While waiting in the queue for our cocktails, we were entertained by the London Vegetable Orchestra. I'd seen them at Hampton Court a couple of years ago, but had never heard their full repertoire.
It wasn't all cocktails and courgette clarinets. There was the usual Fruit and Vegetable Competition, with specimens of quite extraordinary size and length laid out on the tables. Wesley Kerr pointed out to me the rivalry between the Duke of Marlborough (known as "Sunny") and the Duke of Devonshire (whose prep school nickname was Stoker), who compete every year to see who can win first prize for their grapes. I love the idea of "Sunny" and "Stoker" jostling for first prize with their bunches of muscats. Talk about pistils at dawn.
There was food too: cheese, from Godsells in Gloucestershire (whose cheeses include The Three Virgins and Singing Granny); mushrooms and sausages, plus apples from the Wisley orchards.
Anyway, if the RHS is still concerned about ways to encourage the under-30s into gardening,  I reckon they can stop worrying. All it takes, apparently, is a few cocktails and a group of men fingering weirdly shaped vegetables.


Layanee said...

Well, this is certainly good news concerning the younger crowd. A London Vegetable Orchestra? Wow and courgette sounds so much better than squash or pumpkin.

VP said...

I was in London yesterday and hadn't matched the date with the RHS Show. Had I done that I could have got a later train home and joined in the fun!

Instead, I managed to miss the train home as my meeting ran late. I should have known it was a sign, telling me to turn round and get across the the RHS Halls.

Karen - Artists Garden said...

Wonderful! :)

Mark and Gaz said...

There was a definite 'youthful' vibe in the hall last night!

College Gardener said...

Everything about this just sounds so right!

Arabella Sock said...

Lazy Trollop and I went to the Halls yesterday to see the RHS show - we did our usual wander around the Lindley Hall then went to see the rest of the show at the other hall round the corner and it was all closed up!!!! We stared in disbelief for ages - never occurred to either of us it was now just the one hall. Still we did have an unexpected snack of some very nice gyoza in the Lindley so that made up for a lot!

Think the RHS needs to take the s off 'Halls' in its show publicity!

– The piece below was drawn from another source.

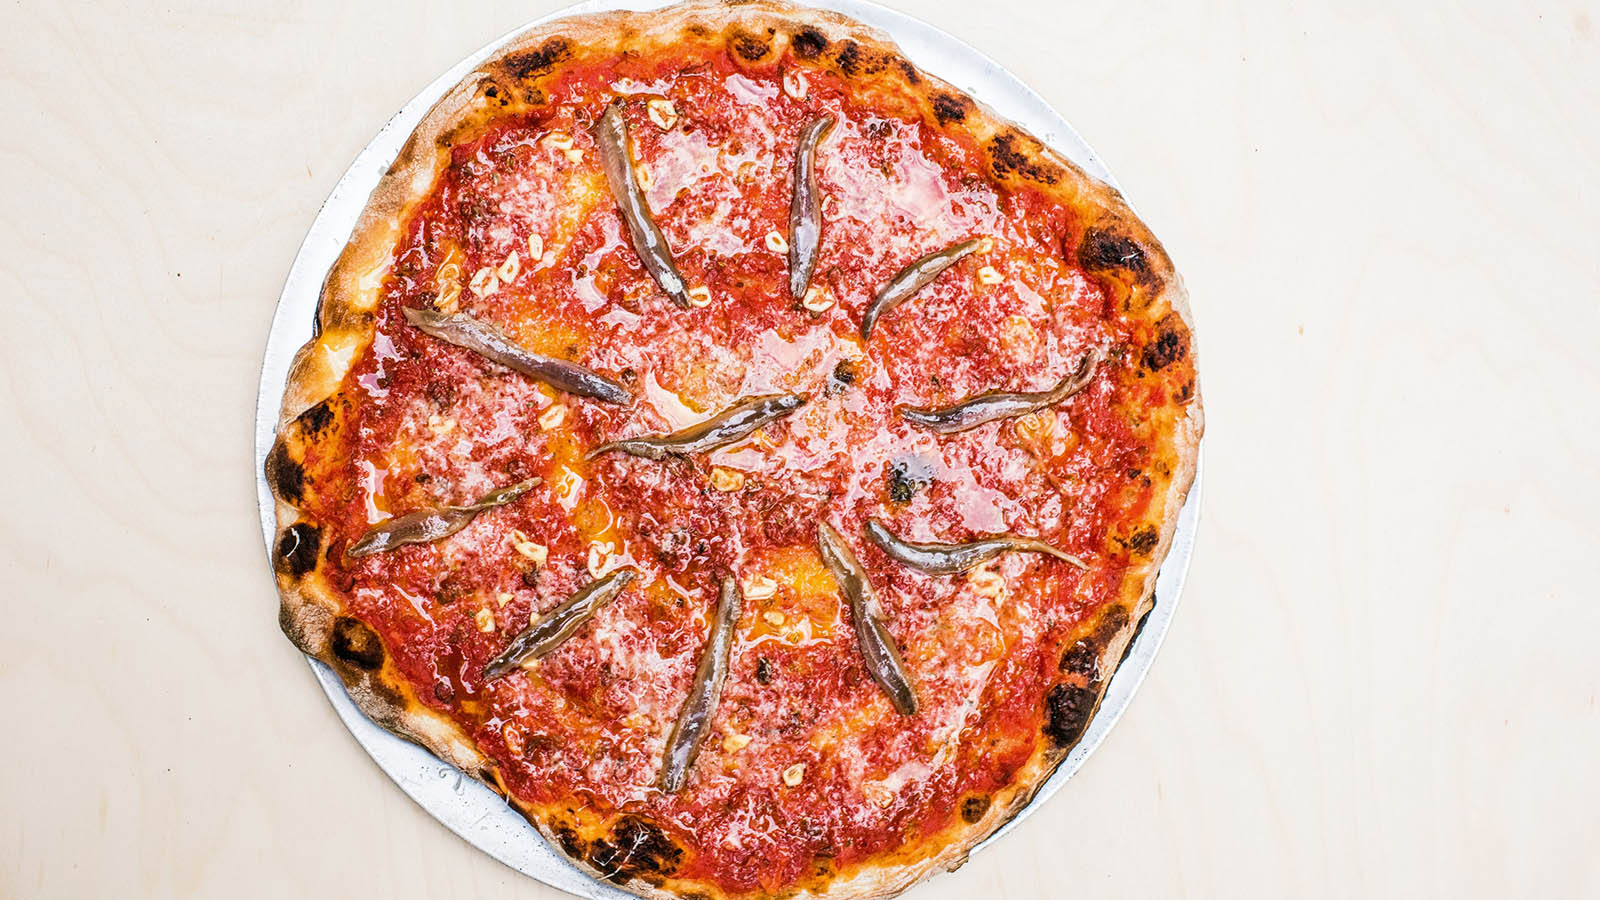 🍆 Vote “Yay” Or “Nay” On These Polarizing Foods, And We’ll Reveal a Truth About You Anchovy Pizza

Lynda@kidsinthegarden said...

I attended the show on the Wednesday as well. Really pleased that there were some mums and babies and quite a few school children Unfortuneately the bar as no longer open! Really surprised that there was only one hall. RHS should have made that clear. Did overhear though that the closed hall had been sold to Westminster School so i guess we will have to get use to it.